FATİH ÖZKILINÇ-İzmir Ticaret Odası(İZTO) Meclisi nisan ayı olağan toplantısı Meclis Başkanı Selami Özpoyraz idaresinde oda binasında gerçekleştirildi. Toplantıda konuşan İZTO Yönetim Kurulu Başkanı Mahmut Özgener, dünya piyasaları, ekonominin gelecekte yol alacağı boyutlara odaklanmışken; Türkiye’de seçim gündemi ön plana çıktığı için ekonominin ikinci plana atıldığını ve gündemin kısa vadeli tartışmalar etrafında döndüğünü, çözüm için odaklanılması gereken asıl politikalar yerine detaylar üzerine yoğunlaşıldığını söyledi.

"İHRACATÇILARIMIZI NEFES ALAMAYACAKLARI NOKTAYA GETİRDİ"

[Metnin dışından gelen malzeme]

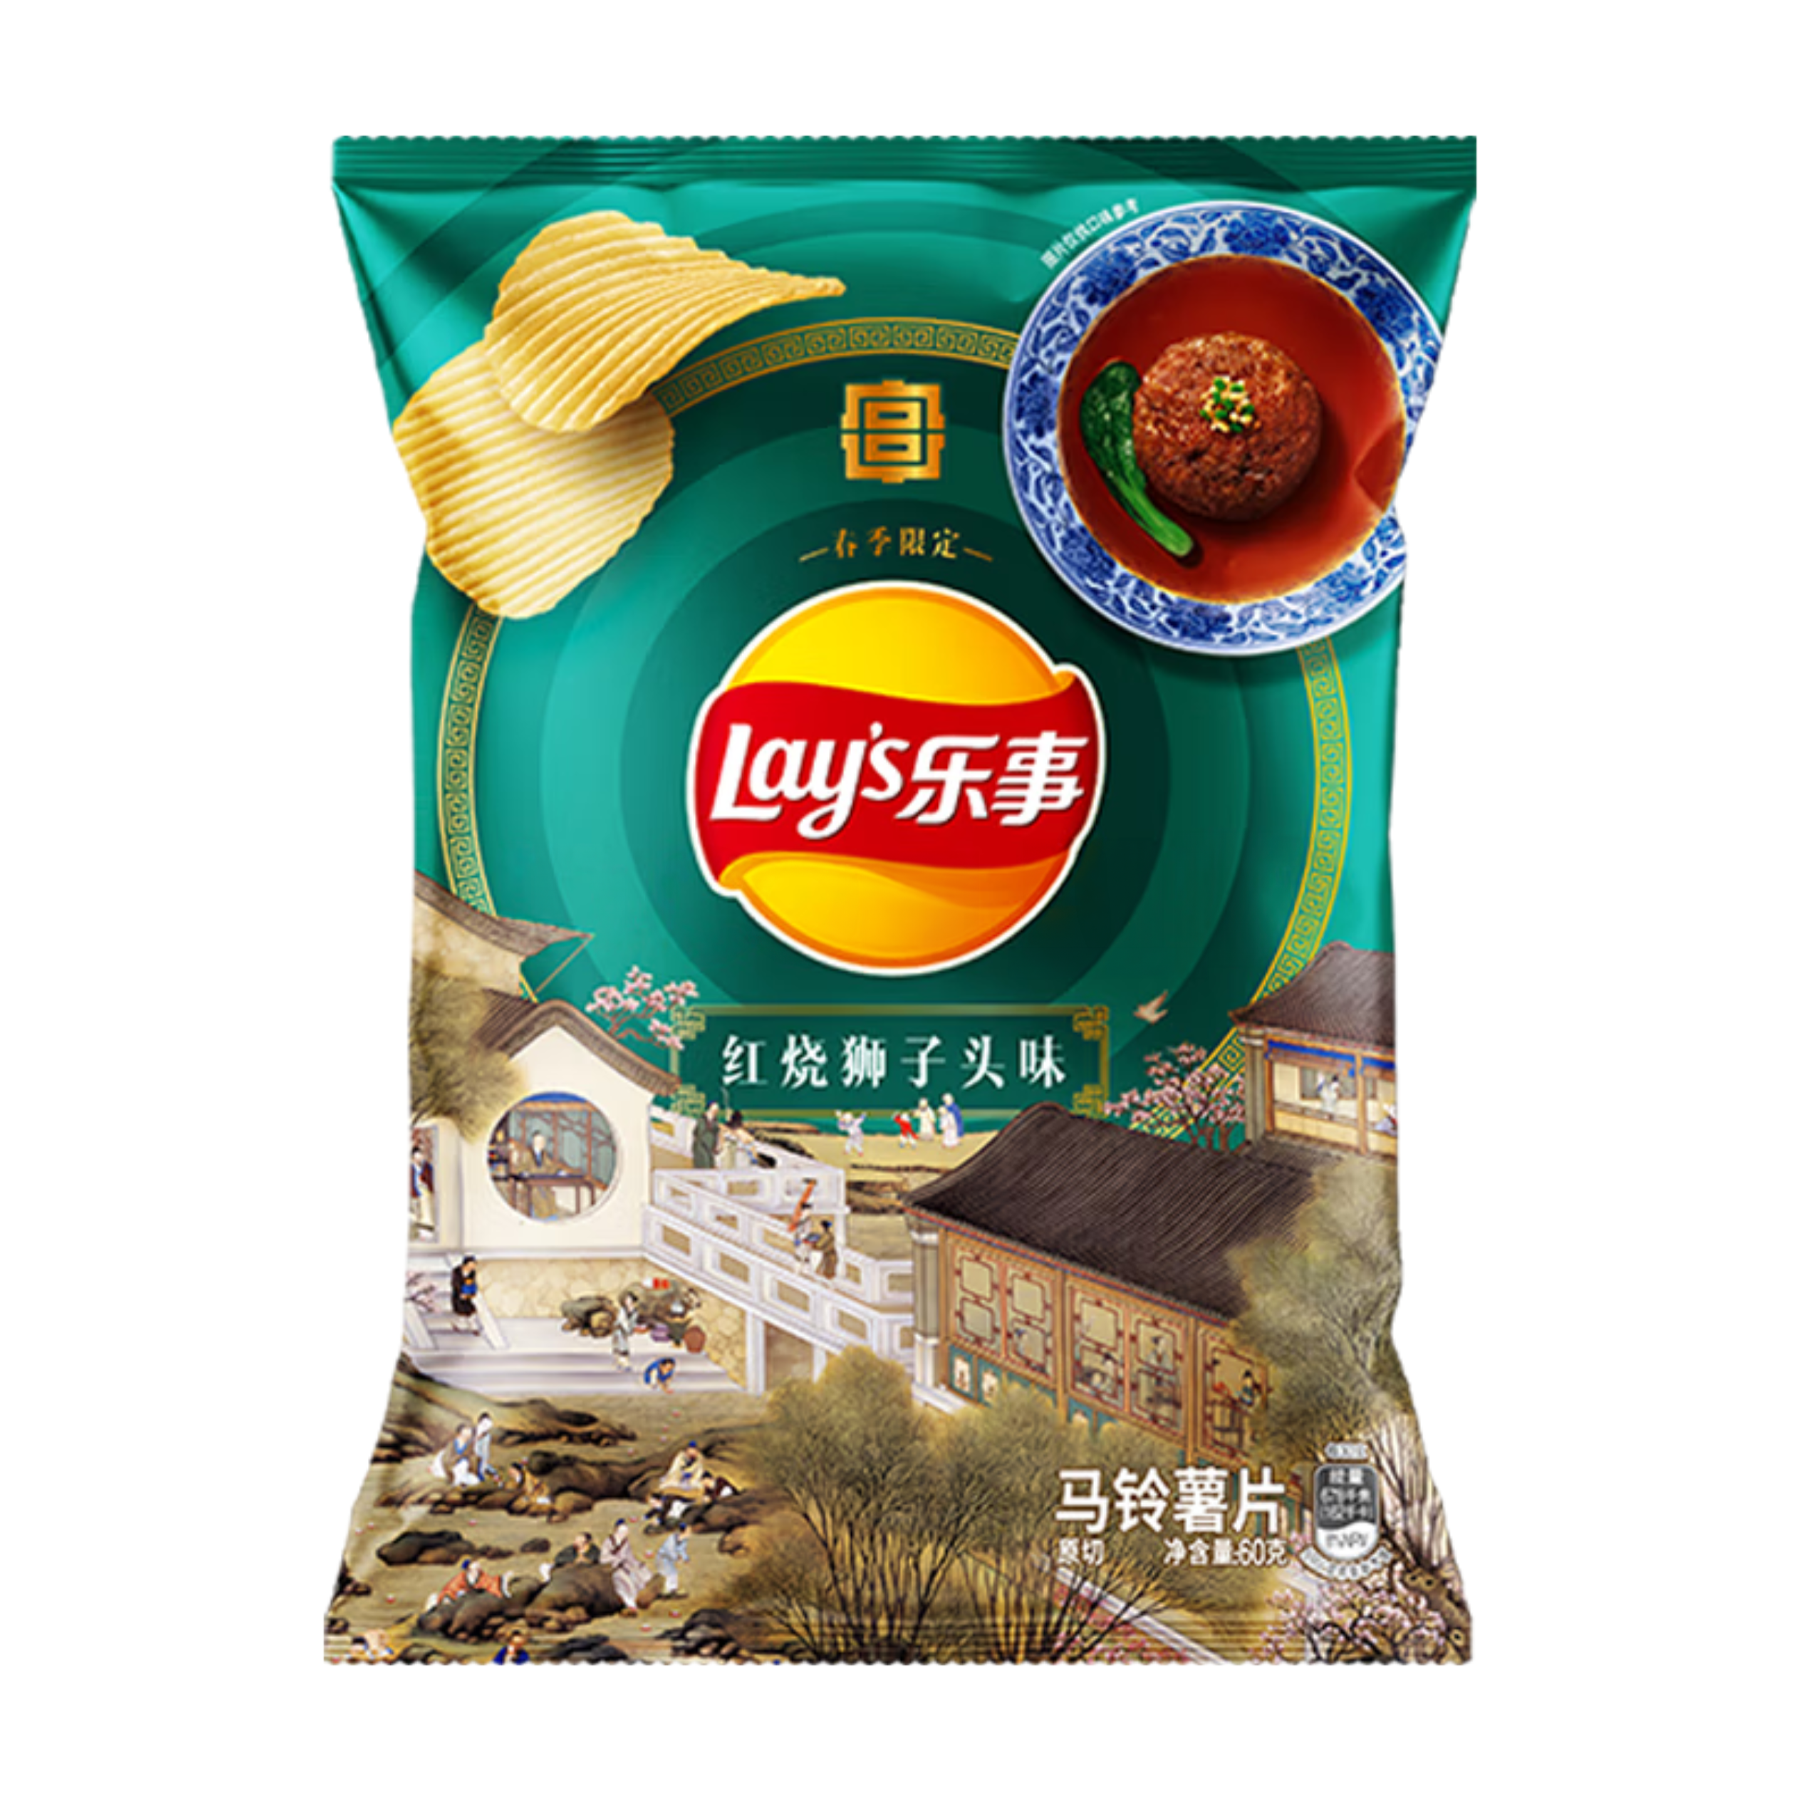 Lay's Braised Pork Meatball Flavored Chips

Son iki haftada döviz alış-satış arasındaki marjın gittikçe arttığını belirten Özgener, “Merkez Bankası kuru ile serbest piyasa kurları arasında farkın açılmaya başladığını, bankaların alım-satım işlemleri arasında 1 liralık bir fark oluştuğunu görüyoruz. 1 liralık fark, alış-satış farkının yüzde 5 olması anlamına geliyor. Bu durum, ihracat karşılığı dövizi bozduran firmanın aynı zamanda dövizle ödeme taahhüdü veya döviz kredisi varsa, bankadan alacağı dövizin maliyetini artırdığından zarar etmesine neden oluyor ve döviz taahhüdünü kapatamıyor. İhracatçılarımızı doğrudan etkileyen bu gibi mevzuat değişiklikleri, ihracatçılarımızın işlerini sürdürmelerinde engel teşkil ediyor. Finansmana erişim ve döviz işlemlerinde serbest piyasa, serbest kur ve serbest kambiyo rejimine uygun olmayan uygulama ve işlemler yapılmakta. Özellikle de, ihracatçılarımızı doğrudan etkileyen regülasyonlar, maalesef ihracatçılarımızı nefes alamayacakları noktaya getirdi. İhracat bedellerinin en az yüzde 40'ının düzenleyen bankaya satılması zorunluluğu uygulaması başta olmak üzere, dövize alım-satımına yönelik getirilen ve her geçen gün değişen uygulamalar; piyasalarımızı gereğinden fazla sıkıştırıyor ve kararlar piyasalardaki oynaklığı daha fazla artırıyor” dedi.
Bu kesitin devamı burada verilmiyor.